Photo Journal Mondays: Petrut Calinescu

Photo Journal Mondays: Petrut Calinescu

 © Petrut Calinescu

© Petrut Calinescu

Fish dying in pitch-black, debris-filled waters, lack of drinking water and of electricity, are only a couple of the many problems the inhabitants of Makoko have learned to deal with. Their biggest fear is that they are going to be evacuated by the government and real estate moguls who will seize any opportunity to turn their floating slum in a luxurious residential area. 

Makoko is a 200-year-old fishing village built on the water bank of Lagos Lagoon in Nigeria. Lagos has recently become one of Nigeria’s economic centers and Africa’s largest city (20 million inhabitants). Makoko and its life “on” water, an inch away from the skyscrapers that keep cropping up in Ykoki (business center), has remained untouched by the economic boom around it. Makoko has a population of about 100 000, mostly fishermen from Benin and Togo.

 © Petrut Calinescu

© Petrut Calinescu

The Nigerian government refuses to officially recognize the legitimacy of Makoko and will not provide any public services. There is no running water, electricity, sewage system, public schools or hospitals. Consequently, Makoko has created a parallel system in order to survive and manage itself. Baale, five local leaders, assisted by vigilante (volunteer policemen that are part of the population) make decisions and ensure security locally. There are a few private schools and health clinics, traditional quacks, restaurants, hair salons, barber shops, churches, kindergardens, photo studios, tailor shops, electronic repair shops. Ironically, drinking water represents the greatest shortage of this water dwelling – it is extracted via driling and sold for household needs.

 © Petrut Calinescu

© Petrut Calinescu

 © Petrut Calinescu

© Petrut Calinescu

The cobweb of sewers is full of refuse and human waste. There’s also a high shortage of fish. Nowadays, merchants’ food stalls and boats are full of frozen mackerel imported from Holland, which people then bloat in order for it to resist the heat.

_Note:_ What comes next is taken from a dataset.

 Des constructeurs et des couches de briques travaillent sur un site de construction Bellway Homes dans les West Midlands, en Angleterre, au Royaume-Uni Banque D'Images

The lack of sewers and drinking water set the population’s health at risk. But all of this is mere trifle to the locals, compared to the fear of being evaicted overnight by the government. The water below them is worth billions. Makoko is located in an area of Lagos that presents great interest for real estate businesses; it could be filled with sand, turned into land and sold to the wealthy. This is how Banana Island came into existence. It is situated on the opposite side of the lagoon, a kilometre away from Makoko, where fishermen claim the best fish is. According to Forbes.Com, a 3-room apartment costs 2 millions dollars and the land for a house between 4 and 6 million dollars.

 © Petrut Calinescu

© Petrut Calinescu

After similar cases in 2005, 2010 and 2012, in an attempt to evict and clean Makoko up, police troops armed as if for war asked the entire population to leave the area in 72 hours. Many houses were destroyed and then burnt to the ground, and thousands of people were left homeless. Many of them still live there, their boat being their bed and roof. The locals have reacted, trying to stop the demolition. One of the leaders was shot dead and other people were wounded. The locals’ determination to face the armed police and the pressure of the NGOs has made authorities bring the demolition to a halt. At least for now.

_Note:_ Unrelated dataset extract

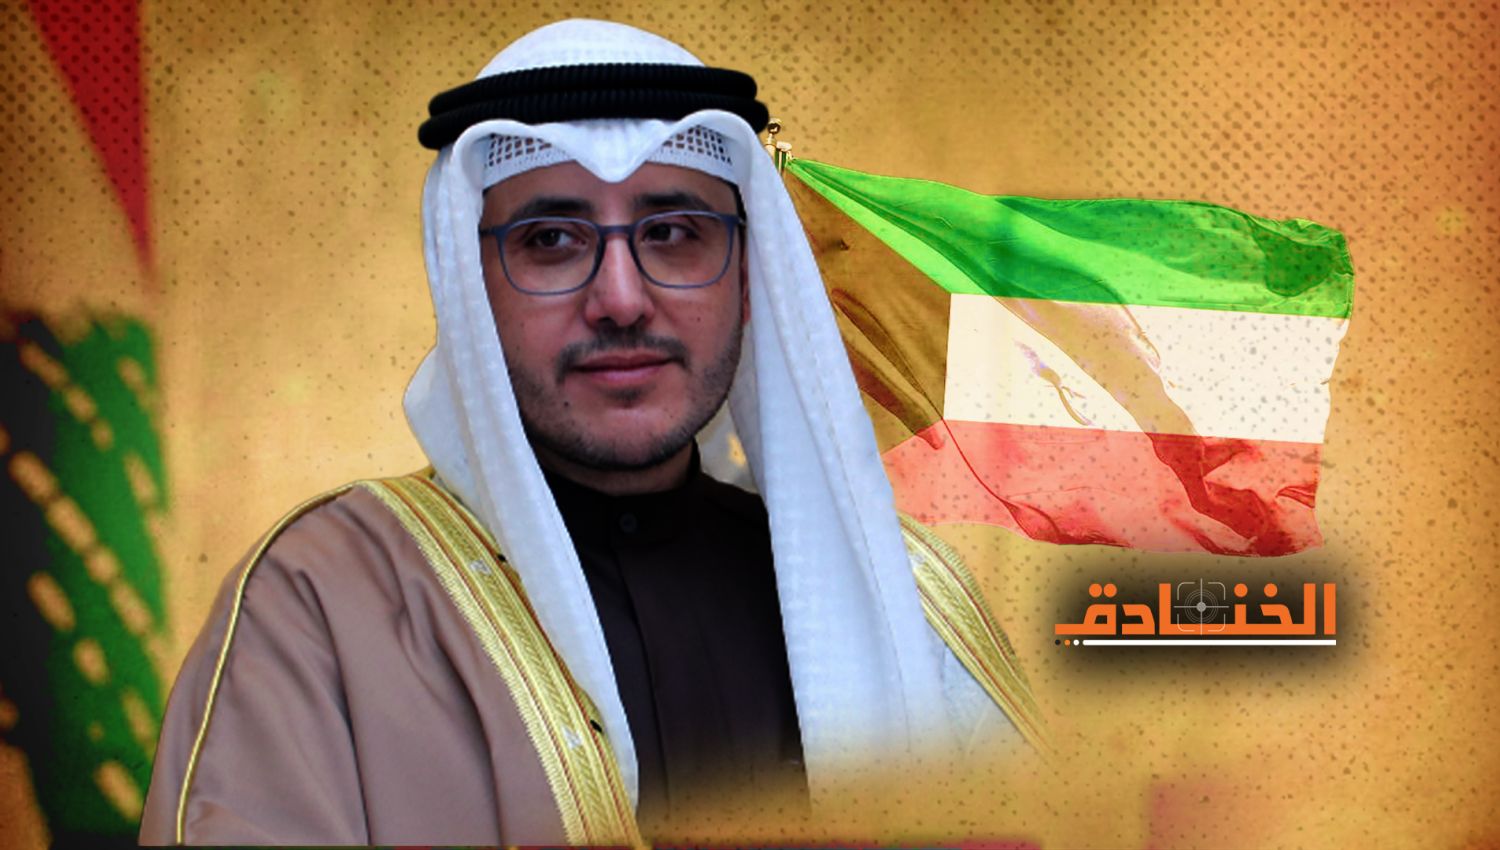 الكويت: شروط تعجيزية وخلط أوراق!

The future of Makoko is yet to be decided. There are different initiative of regenerating the area. Influential businessmen want the area to become a second Dubai, a grandious project named Eko-Atlantic. NLE, a group of Nigerian architects, has drafted and carried out a schoo prototype that could be implemented in the entire region. The project received international praise, being nominated, among other things, for an award given by the London Design Museum. Authorities have remained unimpressed and insist on reiterating that an illegal construction, without authorization to function as a school, is up for grabs.